1329 days ago I wrote here on HN, in reponse to one of the recurring complaints about airport security procedures, "Hear. Hear. I was just on flights out of town over the weekend, and it occurred to me that the terrorists have won by making air travel so inconvenient and annoying for every American who ever flies domestically. 'Maybe Secure Flight is a good use of our money; maybe it isn't. But let's have debates like that in the open, as part of the budget process, where it belongs.' This is the general answer for review of current security procedures: we should check whether they are worthwhile for the amount of improved security they promise to provide."

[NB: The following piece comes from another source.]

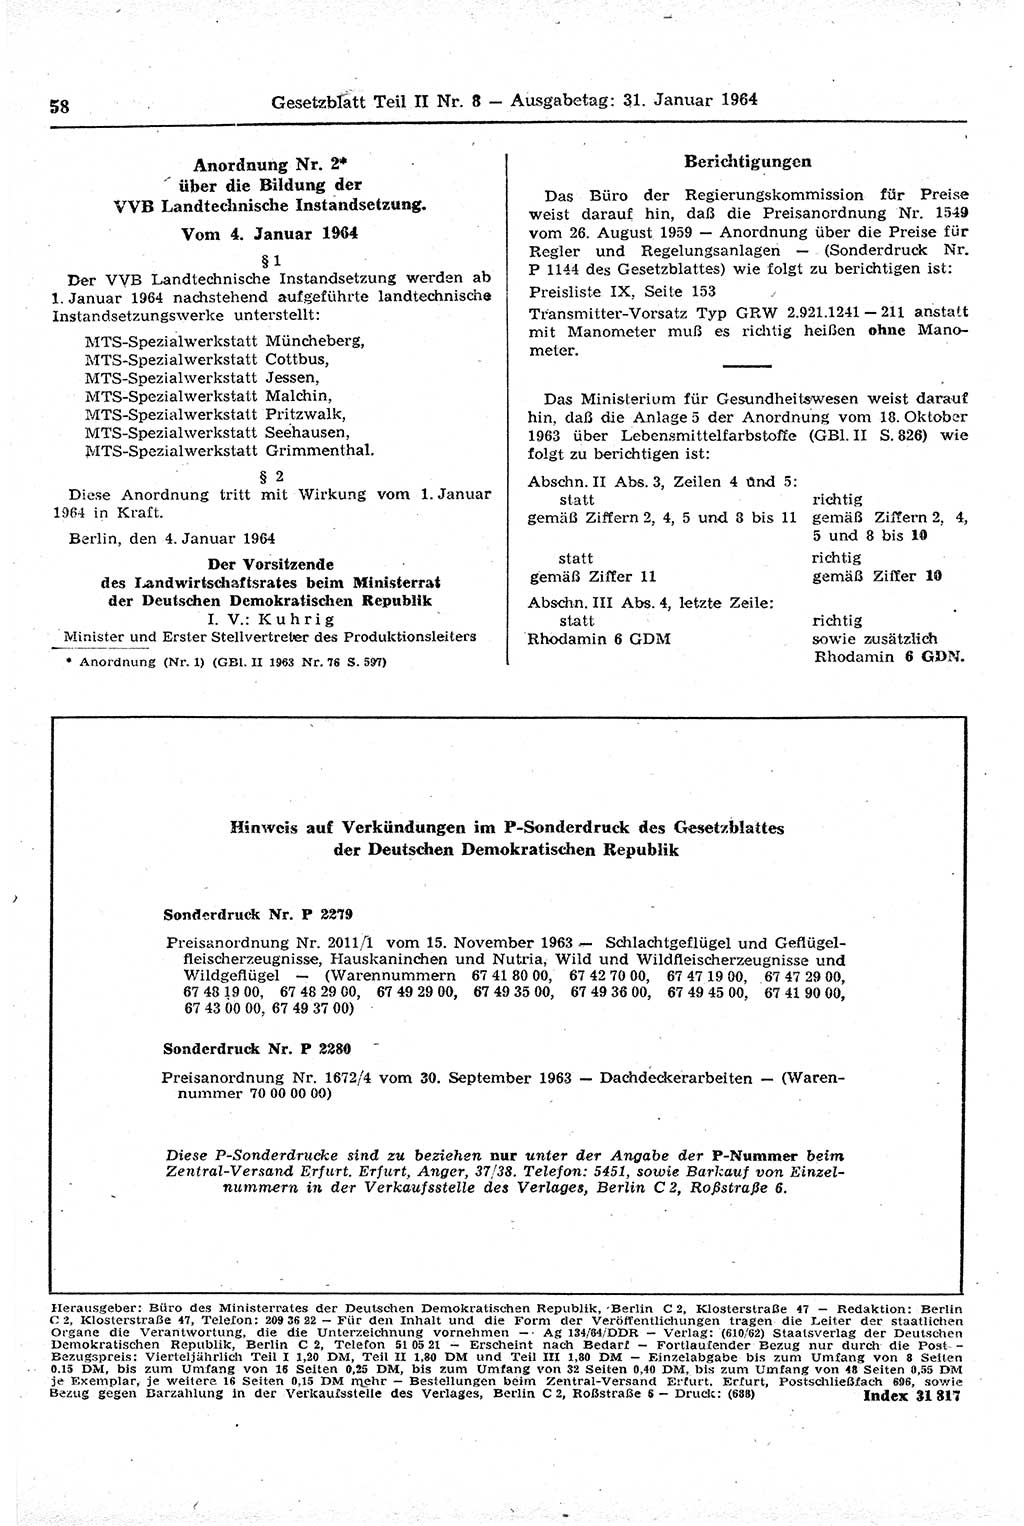 Gesetzblatt (GBl.) der Deutschen Demokratischen Republik (DDR) Teil ⅠⅠ 1964, Seite 58 (GBl. DDR ⅠⅠ 1964, S. 58)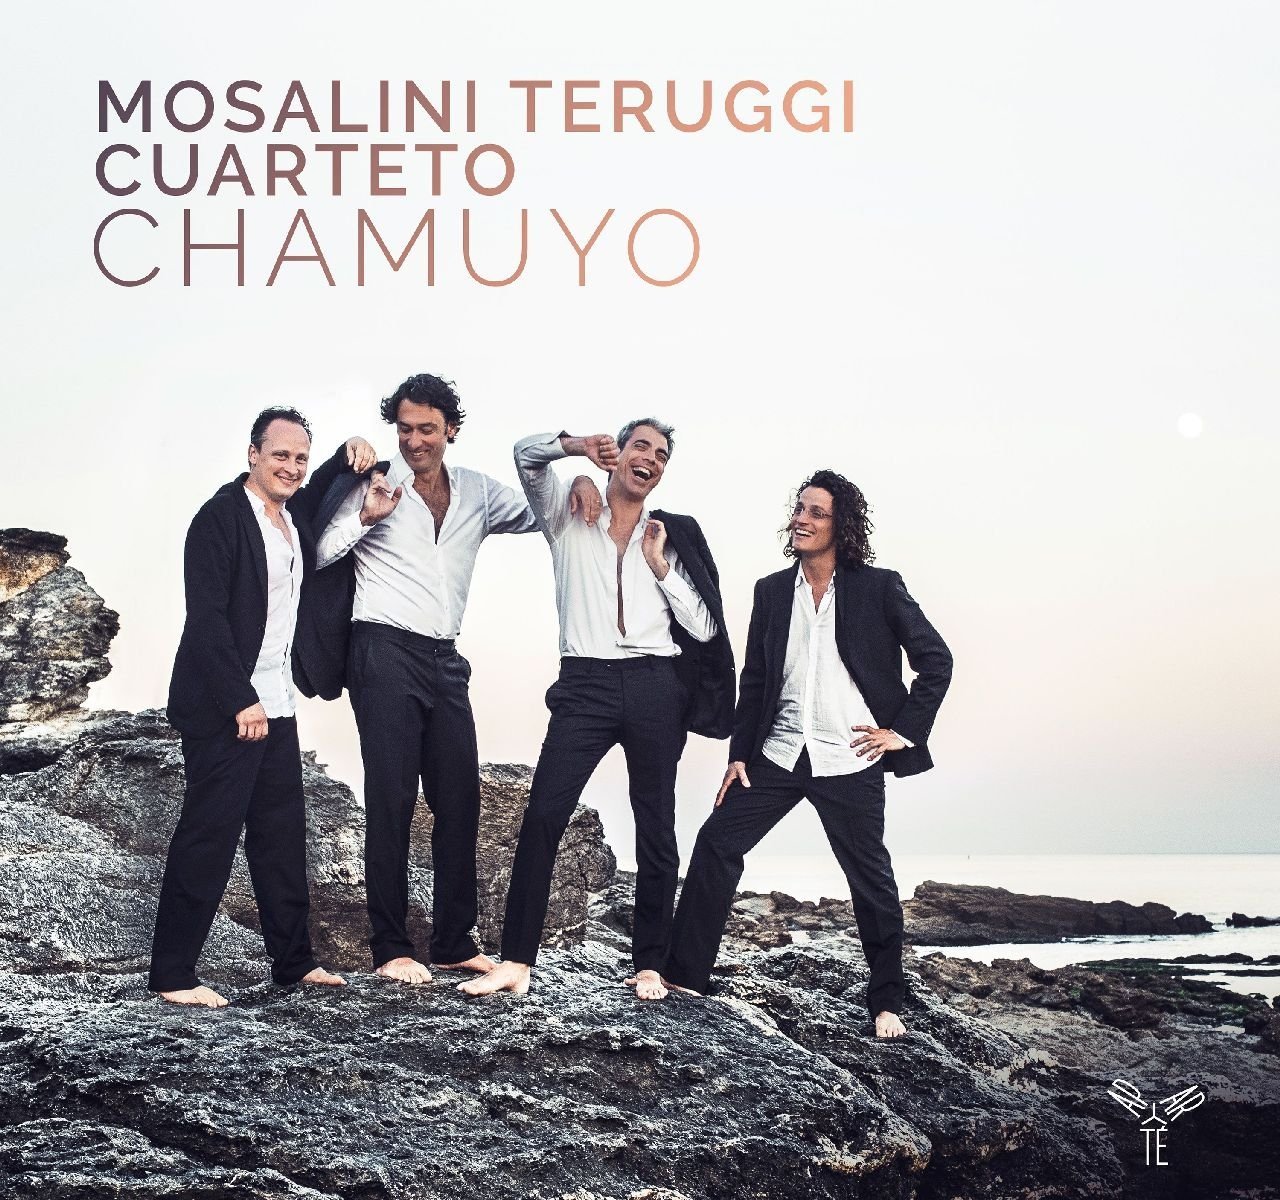 Mosalini Teruggi Cuarteto - Chamuyo (2017) [Qobuz FLAC 24bit/96kHz]

334 days ago another participant, who came to the United States from another country, wrote,
It's also the only place that made me take my shoes off before the metal detector, which I found quite humiliating
This appears to have been one of the calculations of the terrorist group that put up the shoe bomber
to trying his failed attempt to blow up an airplane with a bomb hidden in his shoe. Some of the co-religionists of some of those terrorists consider it extremely degrading to be bare-footed in certain situations deemed to be "holy" situations (I know this from having been warned about how I oriented my feet in flip-flop sandals once when I was overseas in 1984), and thus they have probably been glad to humiliate Americans as Americans have reacted to the failed shoe bomb plot. My proposal is that United States airport security give up on requesting passengers to remove shoes. Yeah, maybe have chemical sensing devices with air intakes at floor level to screen for bombs on shoes, but let us all wear our shoes onto airplanes and throughout the insides of airports. The screening procedures at present appear to be an overreaction to the actual risk of a shoe bomb destroying a passenger airplane, especially in view of other countries not having the same screening procedure for airline passengers.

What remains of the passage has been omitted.